School of Computer and Information Technology, Xinyang Normal University.
Department of Computer Science, Virginia Commonwealth University, Richmond, VA, USA.
Brief Bioinform. 2018 Sep 28;19(5):821-837. doi: 10.1093/bib/bbx022.
Understanding of molecular mechanisms that govern protein-protein interactions and accurate modeling of protein-protein docking rely on accurate identification and prediction of protein-binding partners and protein-binding residues. We review over 40 methods that predict protein-protein interactions from protein sequences including methods that predict interacting protein pairs, protein-binding residues for a pair of interacting sequences and protein-binding residues in a single protein chain. We focus on the latter methods that provide residue-level annotations and that can be broadly applied to all protein sequences. We compare their architectures, inputs and outputs, and we discuss aspects related to their assessment and availability. We also perform first-of-its-kind comprehensive empirical comparison of representative predictors of protein-binding residues using a novel and high-quality benchmark data set. We show that the selected predictors accurately discriminate protein-binding and non-binding residues and that newer methods outperform older designs. However, these methods are unable to accurately separate residues that bind other molecules, such as DNA, RNA and small ligands, from the protein-binding residues. This cross-prediction, defined as the incorrect prediction of nucleic-acid- and small-ligand-binding residues as protein binding, is substantial for all evaluated methods and is not driven by the proximity to the native protein-binding residues. We discuss reasons for this drawback and we offer several recommendations. In particular, we postulate the need for a new generation of more accurate predictors and data sets, inclusion of a comprehensive assessment of the cross-predictions in future studies and higher standards of availability of the published methods.

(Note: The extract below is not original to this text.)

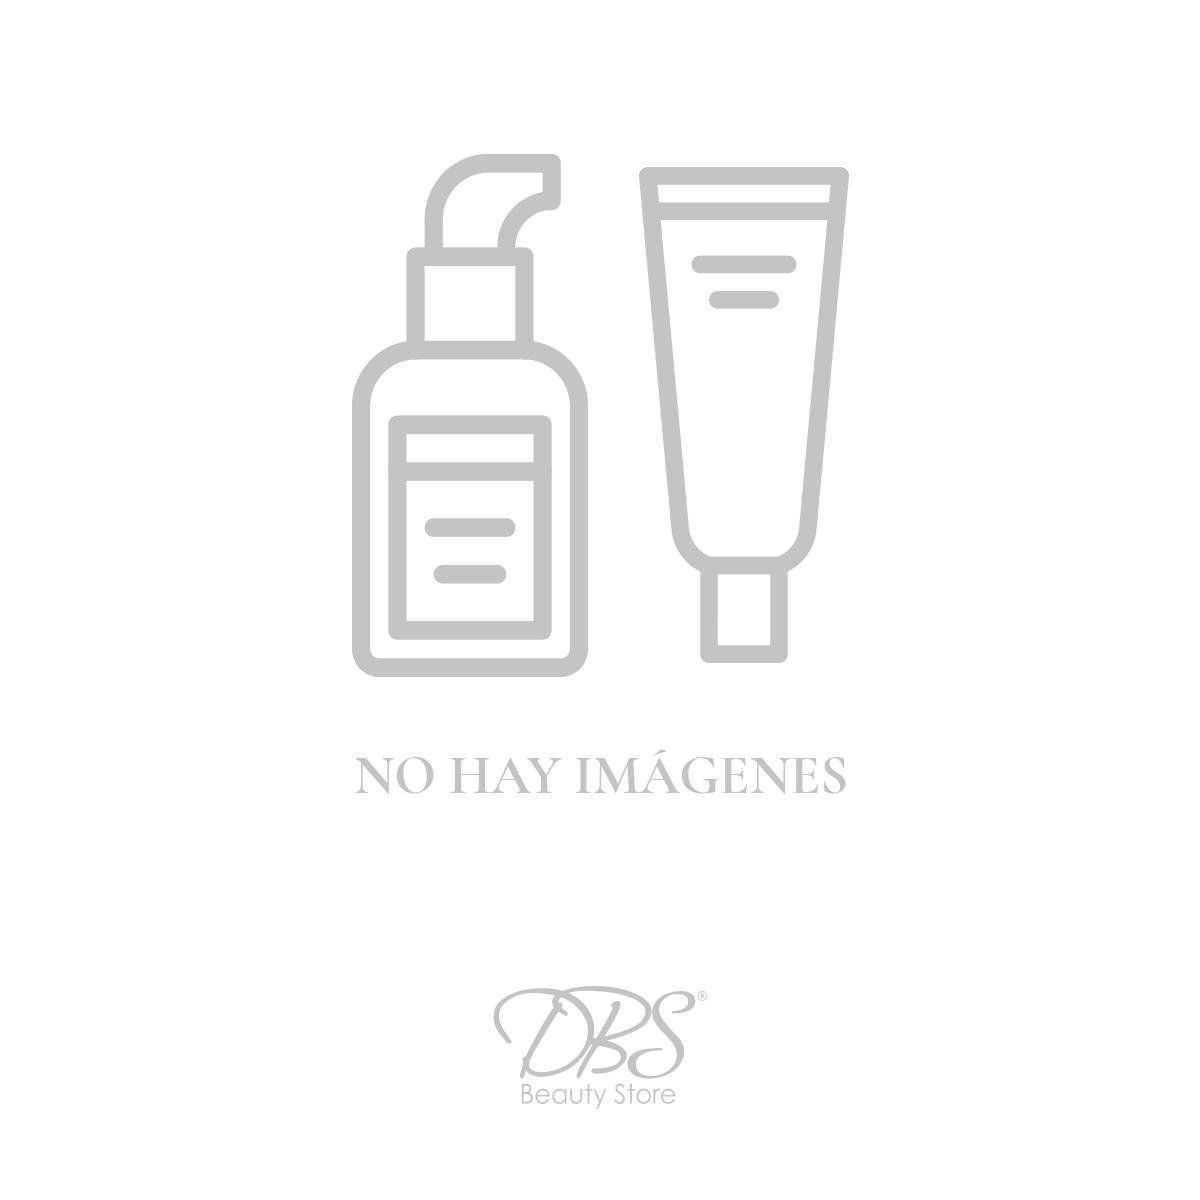 dbs-cosmetics-DBS-LI1059-MP.jpg

我们综述了 40 多种从蛋白质序列预测蛋白质-蛋白质相互作用的方法,包括预测相互作用的蛋白质对、相互作用序列的蛋白质结合残基以及单个蛋白质链中的蛋白质结合残基的方法。我们专注于提供残基级注释并且可以广泛应用于所有蛋白质序列的后一种方法。我们比较了它们的架构、输入和输出,并讨论了与其评估和可用性相关的方面。我们还首次使用新颖且高质量的基准数据集对蛋白质结合残基的代表性预测因子进行了全面的实证比较。我们表明,所选的预测因子能够准确区分蛋白质结合和非结合残基,并且较新的方法优于较旧的设计。然而,这些方法无法准确区分与其他分子(如 DNA、RNA 和小分子配体)结合的残基与蛋白质结合残基。这种交叉预测,定义为将核酸和小分子配体结合残基错误地预测为蛋白质结合,对于所有评估的方法都是重要的,并且不是由与天然蛋白质结合残基的接近程度驱动的。我们讨论了这种缺点的原因,并提出了一些建议。特别是,我们假设需要新一代更准确的预测因子和数据集,在未来的研究中全面评估交叉预测,并提高已发表方法的可用性标准。